I've managed to get Antlr to recognize the grammar's support for numeric literals in multiple bases and which can contain readability spaces (or underscore) as separators. All of these are recognized:
proc test(x)
value = DEF ABC 2DC0 6BA0:h * 100; // note, no more than a single space can be the separator.
call reboot(FACE DEFB 10C0:H + 239:H);
value = 100 123.45;
value = 1011 FC4.7F:h;
value = 1010 1010;
value = 123:d;
value = 1010 1010:b;
octal = 765:o;
end;
There are four kinds of numeric literals, binary, octal, decimal and hex, they all need a colon-char base designator except dec, for which this can be omitted.
Personal opinion: I do not like spaces in the literals. Underscore, for example, would be better.
From the tokenizer/parser point of view things would be much easier if the spaces would not be allowed in literals. See also my comment about the tools below.

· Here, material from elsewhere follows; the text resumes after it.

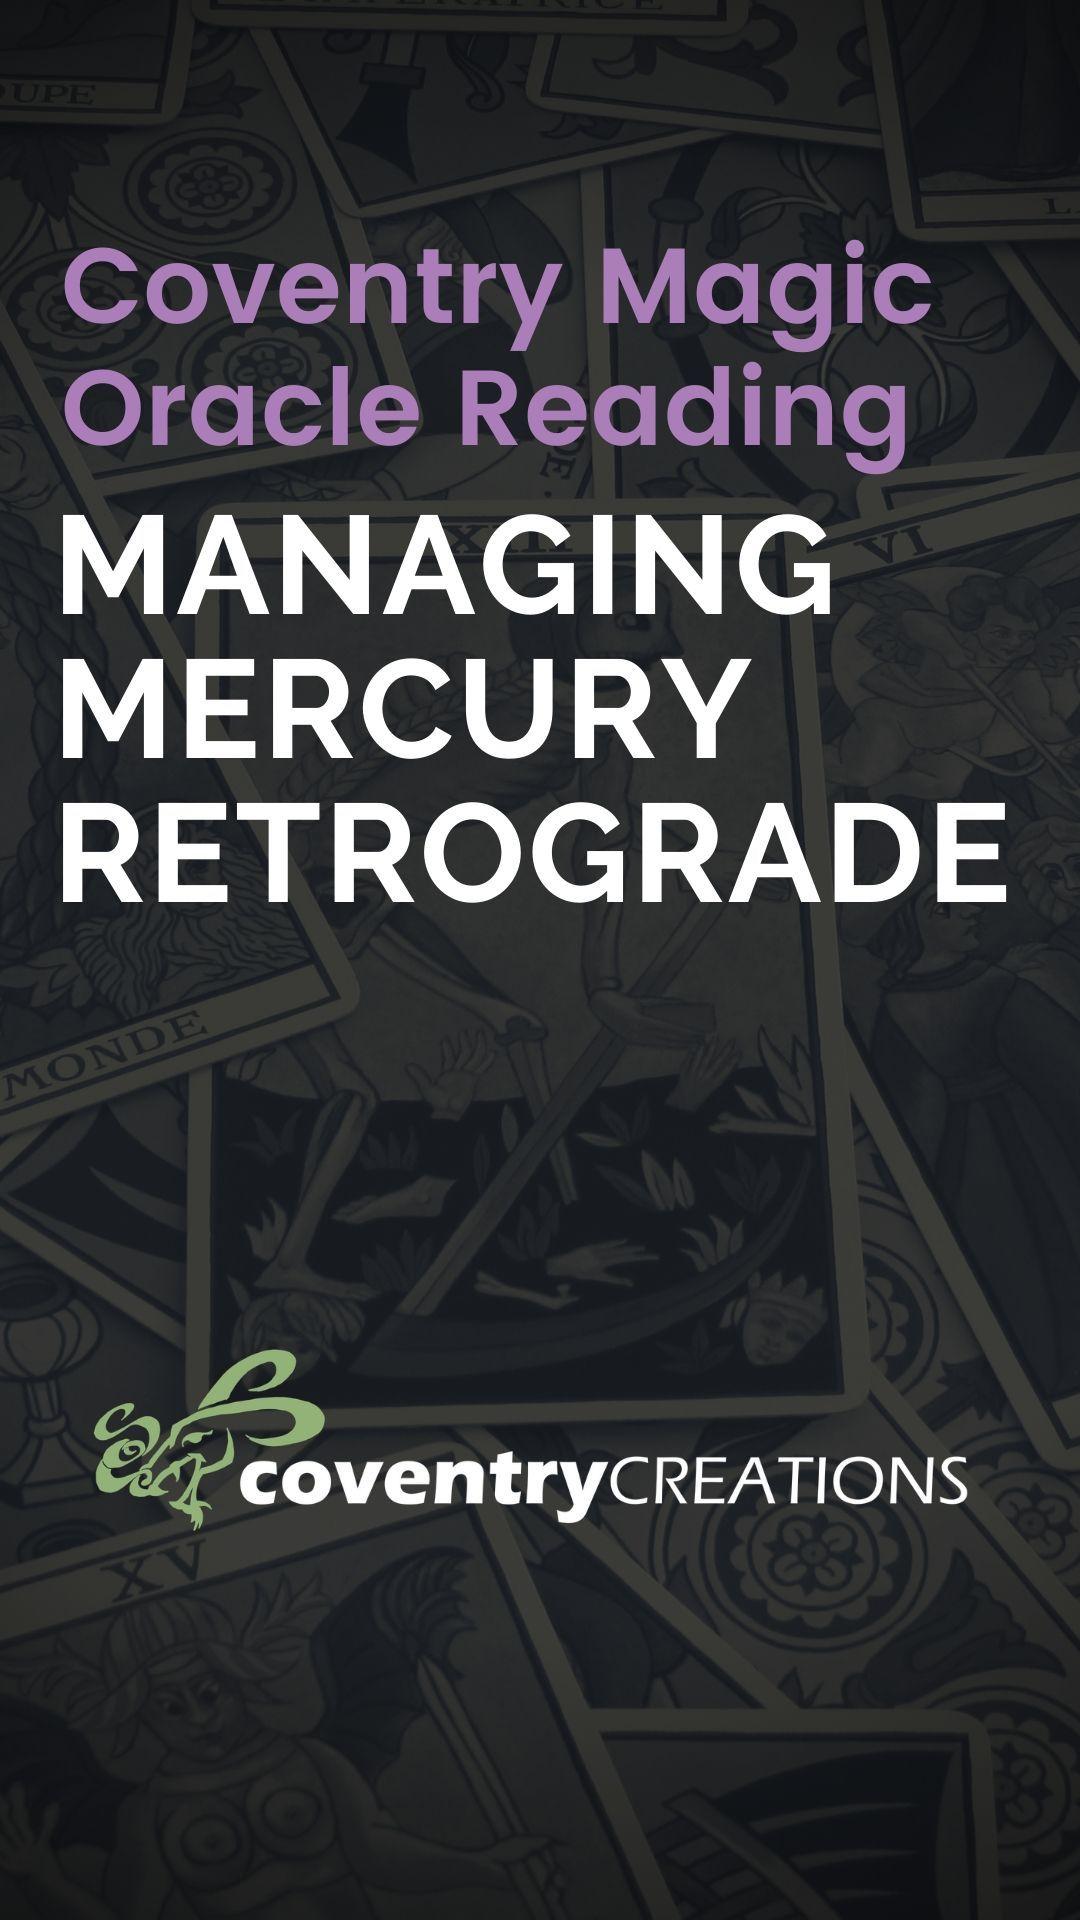 Managing Mercury Retrograde

Edit: There has also been some discussion on how to group the digits in numerical literals. I guess that it would be possible to build a simple tool using regexpr rule(s) for checking the grouping of the digits for floating point, decimal, hex, octal and binary numbers of person's liking. Just run the checker as part of the build process, and the checker will fail the build process if the numerical literals are using invalid grouping. Building a directive for the rules of digit grouping into the language grammar could be also possible, but I am not sure if that would be a wise choice (without extensive prototyping and evaluation at least).
---
At some point in this thread there was a discussion whether to use reserved words or not. I think the history of the programming languages have shown that using reserved words makes the grammar easier to parse and reduce ambiguity. Just keep the grammar as simple as possible.
About tools: All tools - such as code formatters, IDEs, refactoring tools etc. - would benefit from a simple grammar without ambiguity.
We have something like 70 years of knowledge about programming languages, so there is no need to repeat the problems of the earlier programming languages.
The (single) space is entirely optional and underscore also permitted. There are standards bodies who recommend spaces over commas or periods, the space is actually common in several industries and reduces risk of misunderstanding across cultures, I did research this, its an interesting aspect of language design.
Having the type as suffix (e.g :H) rather than a prefix (e.g. 0x) is what makes these spaces possible, more effort to recognize but Antlr4 is extremely powerful.
The reserved words question gets much attention, the core motive is
never ever fail to compile code that might have identifiers that are the same as newly added language keywords. Consider C# where they had to use "yield return" when simply "yield" was the obvious choice, their grammar could not support this and be backward compatible.
That's frankly a poor design right there, but like most languages the designers pay too little attention to careful methodical grammar design, grammar's must be designed, no escaping this point, the trend for years has been "make it C-like" and just look at the problems that's led to.
Of course avoiding, minimizing obfuscation is important too, and providing compile time options to warn against unintended keyword clash is easy to do and better then losing backward compatibility.
I want to stress that the grammar has no ambiguities, C++ even C do have grammar ambiguities, you can read about these, C++ also has the most complex grammar of any programming language, littered with edge cases and ifs and buts, until recently this construct was illegal in C++
Typename<Type<Other>>
Instead one was forced to write
Typename<Type<Other> >
That's frankly ridiculous (the >> is recognized as a shift operator) and can be traced back to sloppy or hasty grammar choices, I talk about this a lot but that's because its very important, without careful design you get all the syntax mess we see in C++, C# and so on.
This new grammar parses robustly, easily that's because there are only two fundamental kinds of statements, assignments and keyword statements.
An assignment (however complex lexically) can always be recognized 100% reliably irrespective of the spelling of terms. Only if a statement is not an assignment do we look for a keyword start.
Despite first impressions, this is actually simple, not complex, grammars should have this kind of power IMHO.